(EXERCISE AIM):
These records contain pictures, which must be left out; copy exactly the lines from the one with "Video: Diễn tập" up to and including the one with "Boxing Cards - 1951 Topps Ringside".

(DATA TO EXAMINE):

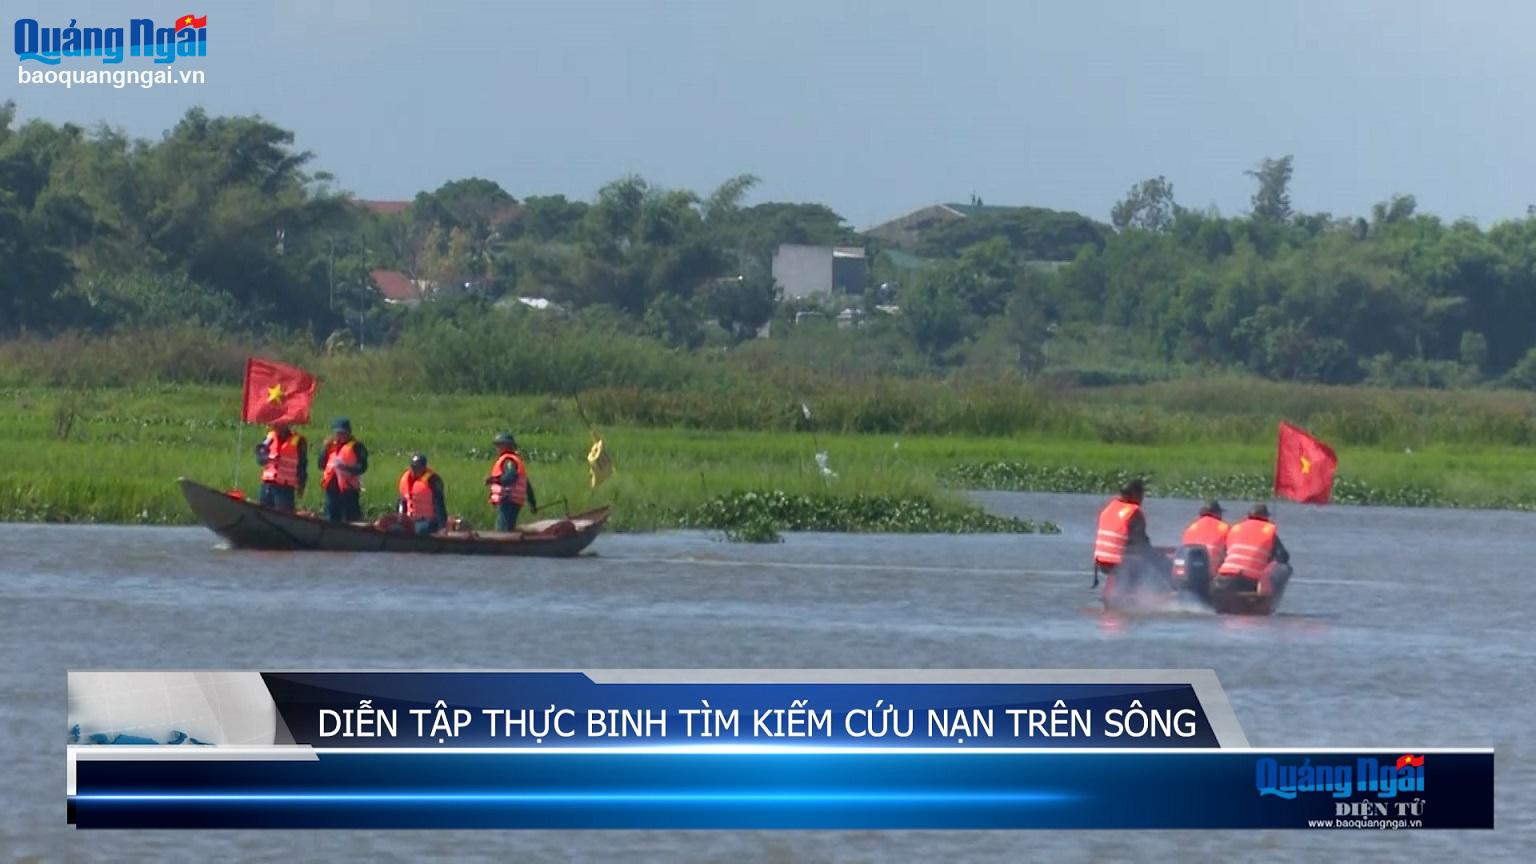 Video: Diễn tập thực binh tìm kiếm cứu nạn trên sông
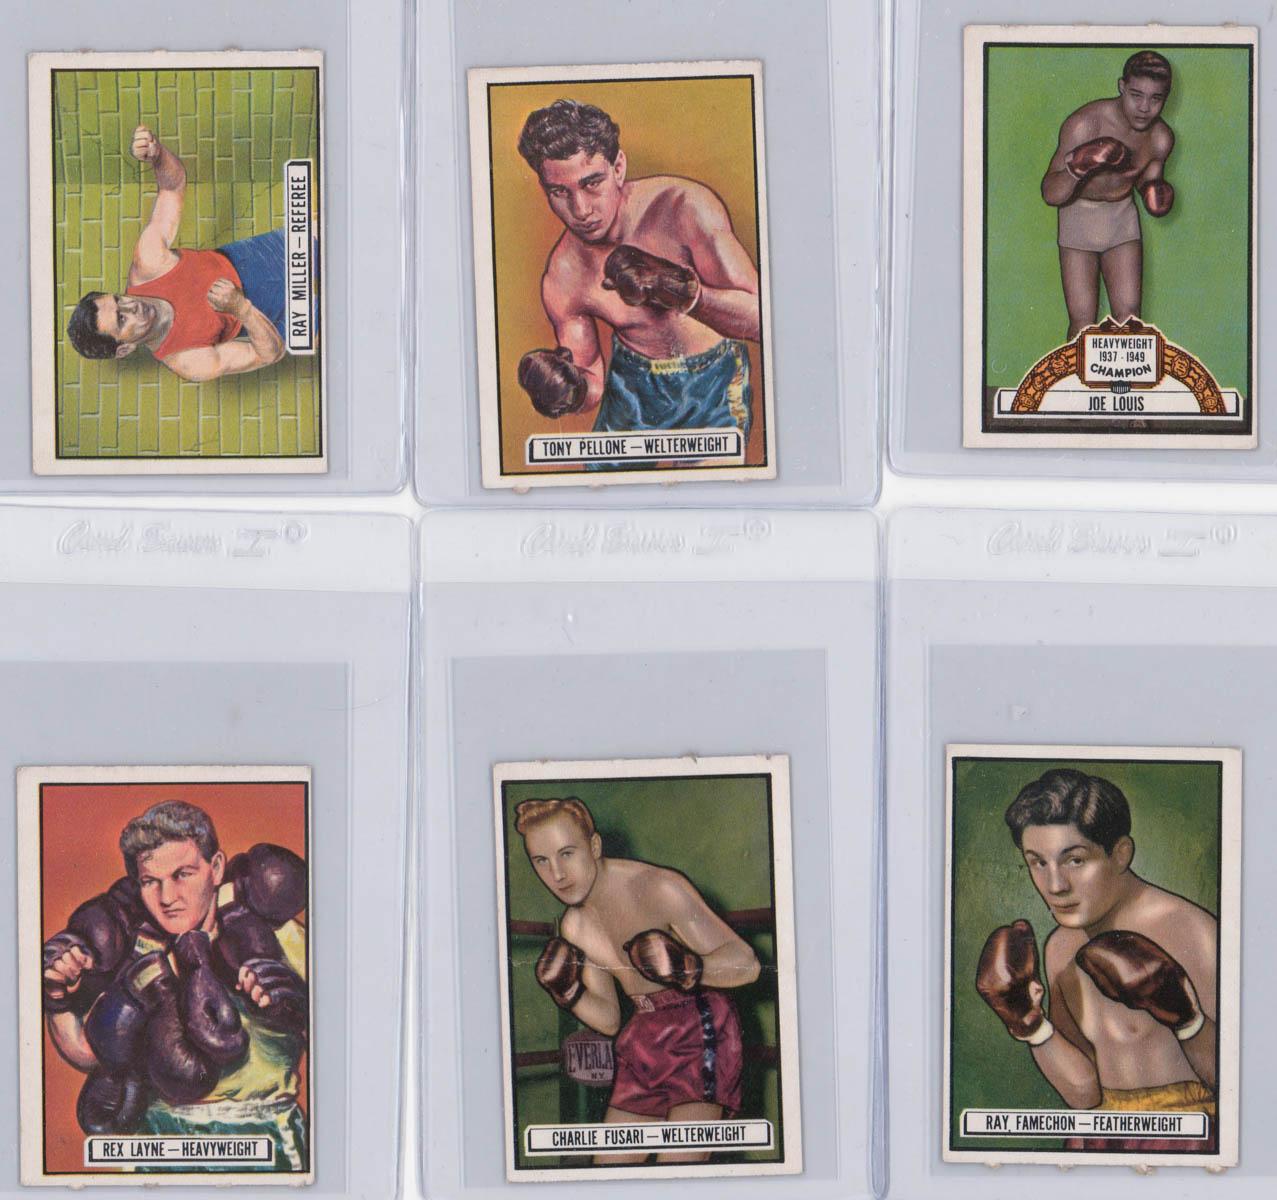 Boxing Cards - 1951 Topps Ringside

--

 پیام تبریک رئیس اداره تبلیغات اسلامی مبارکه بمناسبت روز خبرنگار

(PROBLEM SOLUTION):
 Video: Diễn tập thực binh tìm kiếm cứu nạn trên sông
 Boxing Cards - 1951 Topps Ringside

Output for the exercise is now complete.